_YOUR OBJECTIVE_: Word for word, restate the lines from the one holding "State Opera, Vienna – Austria" through the last line of the material below, and leave every picture out.

(DATA BLOCK begins)

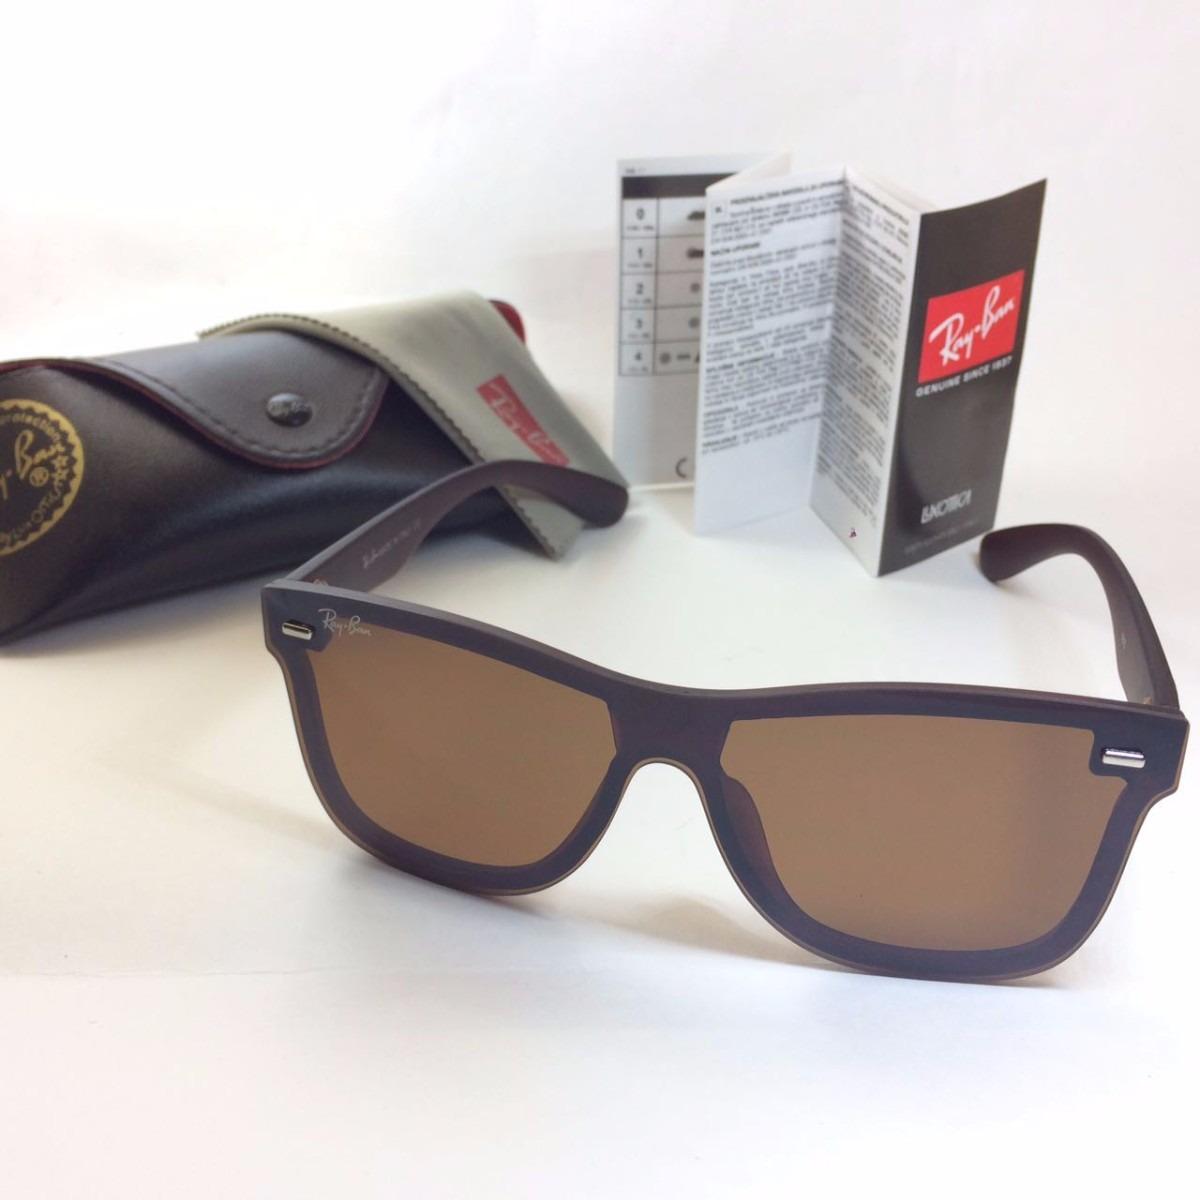 becf1557f7de1 Lancamento Rayban Oculos Blaze Espelhado Promocao - R  45,15 em ...
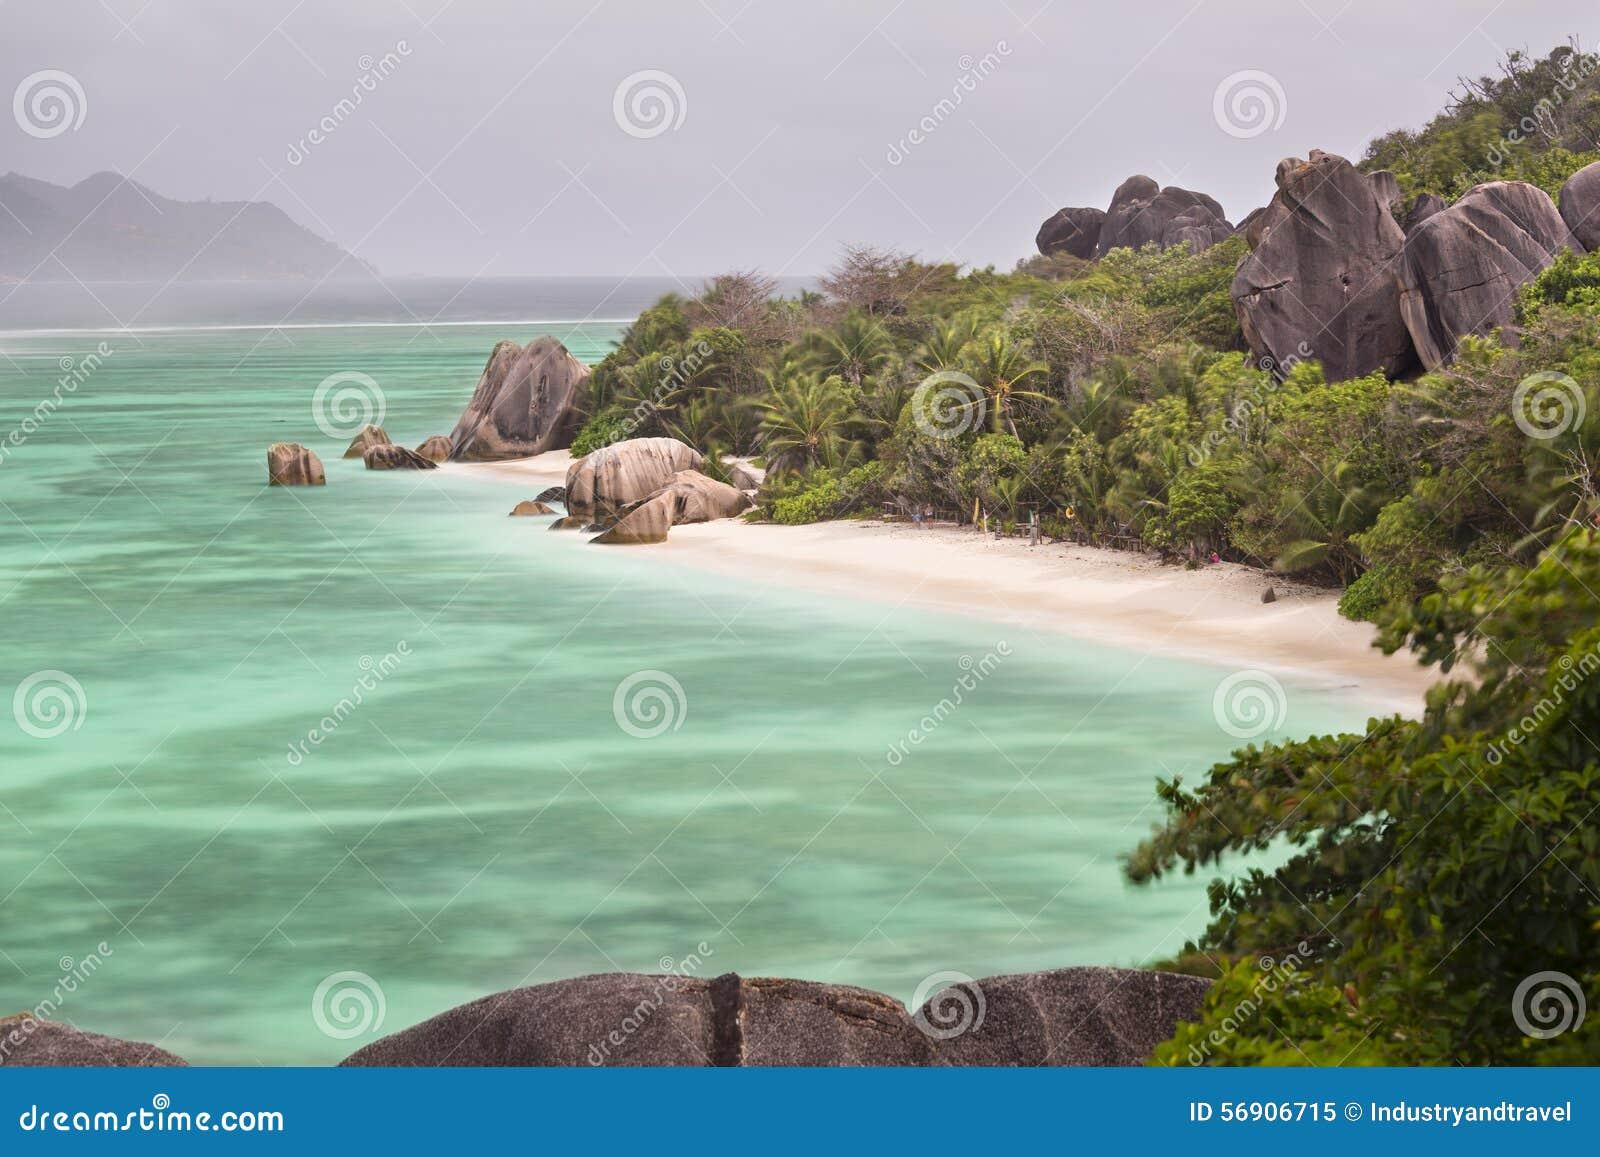 Anse银d digue la塞舌尔群岛来源
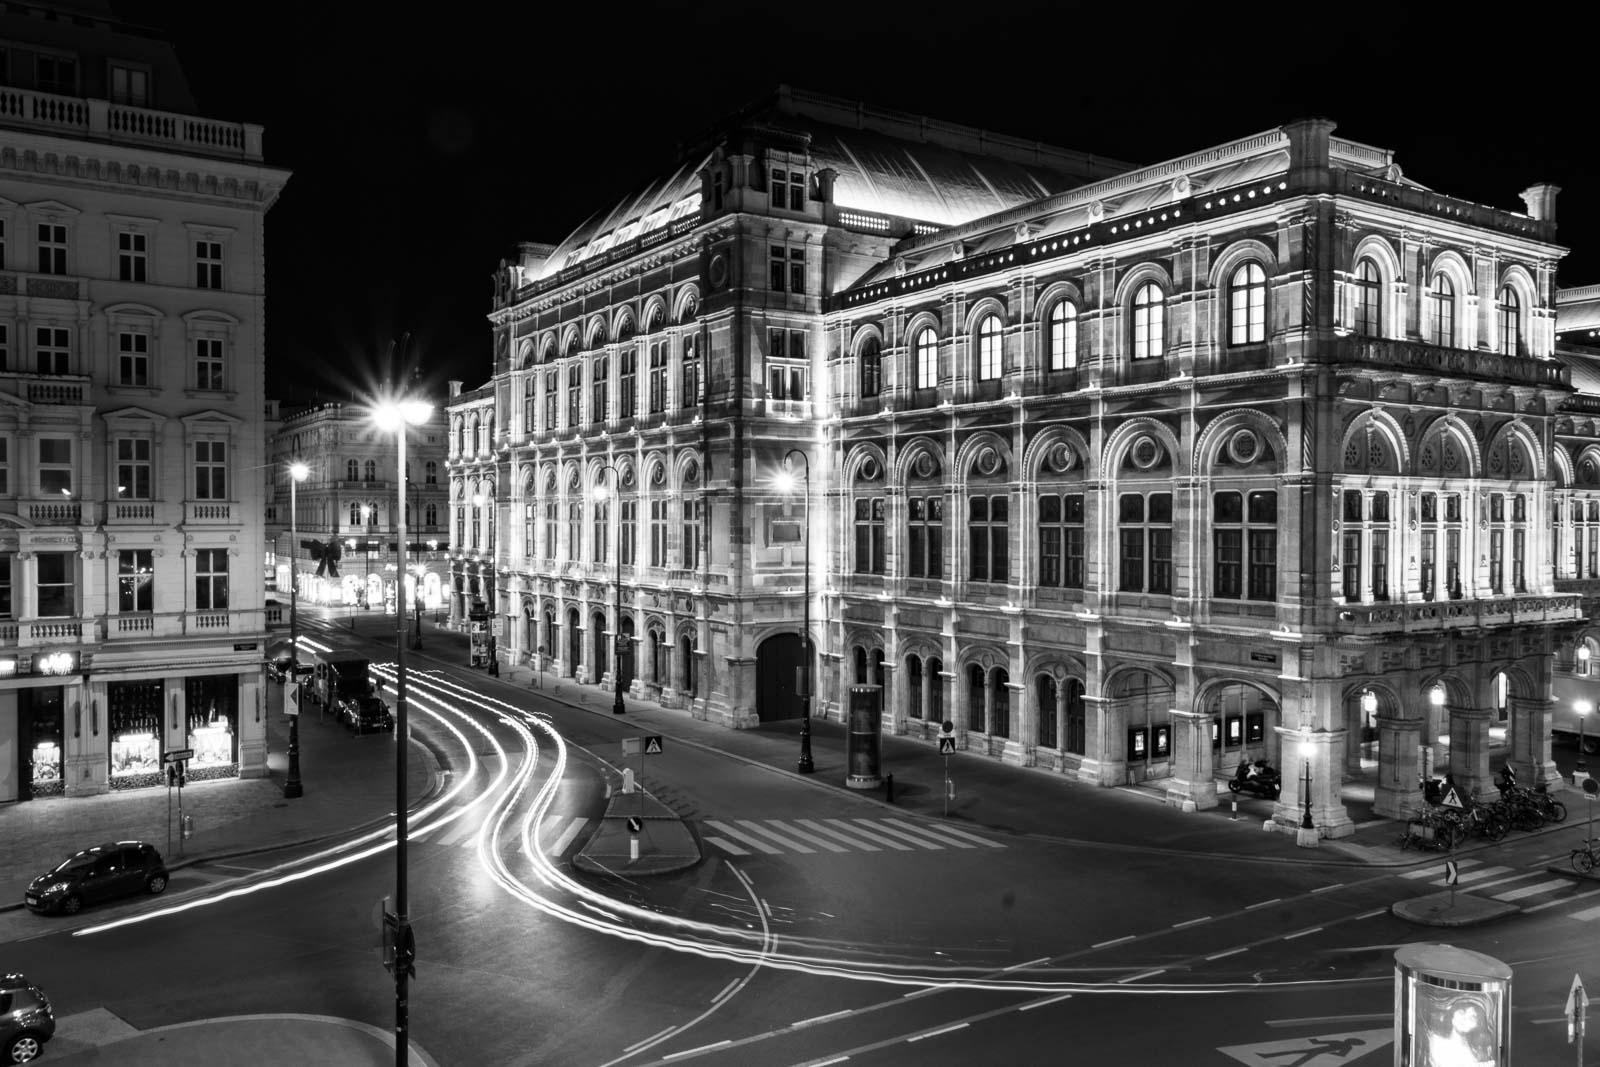 State Opera, Vienna – Austria
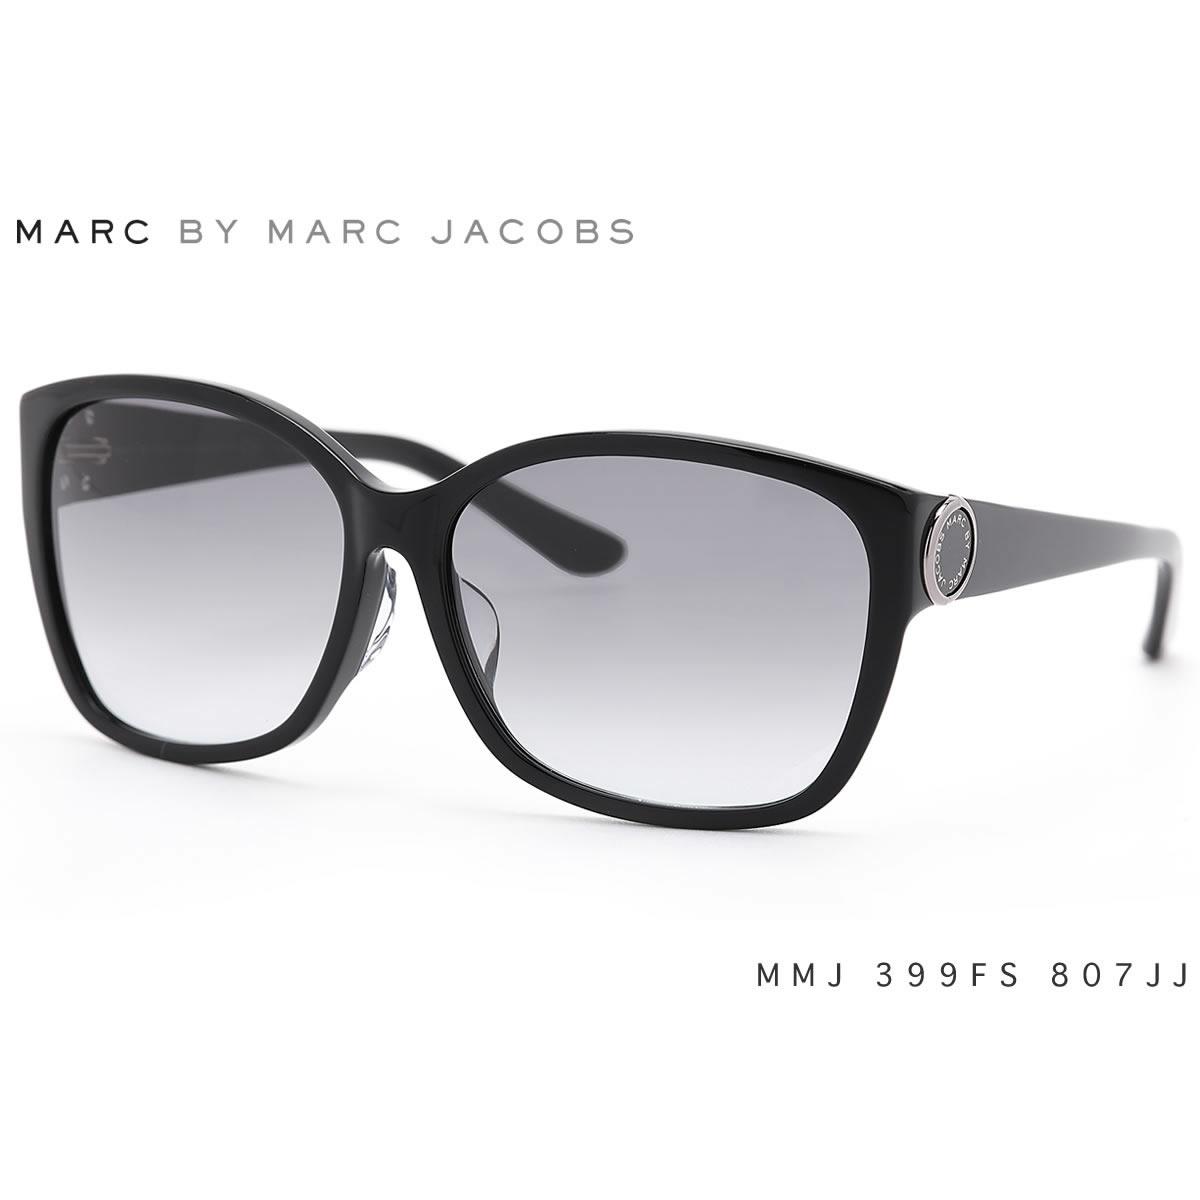 マークバイマークジェイコブス サングラス MMJ399FS 807/JJ 60サイズ MARC BY MARCJACOBS アジアンフィット レディース【Px20】

(DATA BLOCK ends)

_RESPONSE FOR THIS EXERCISE_:
 State Opera, Vienna – Austria
 マークバイマークジェイコブス サングラス MMJ399FS 807/JJ 60サイズ MARC BY MARCJACOBS アジアンフィット レディース【Px20】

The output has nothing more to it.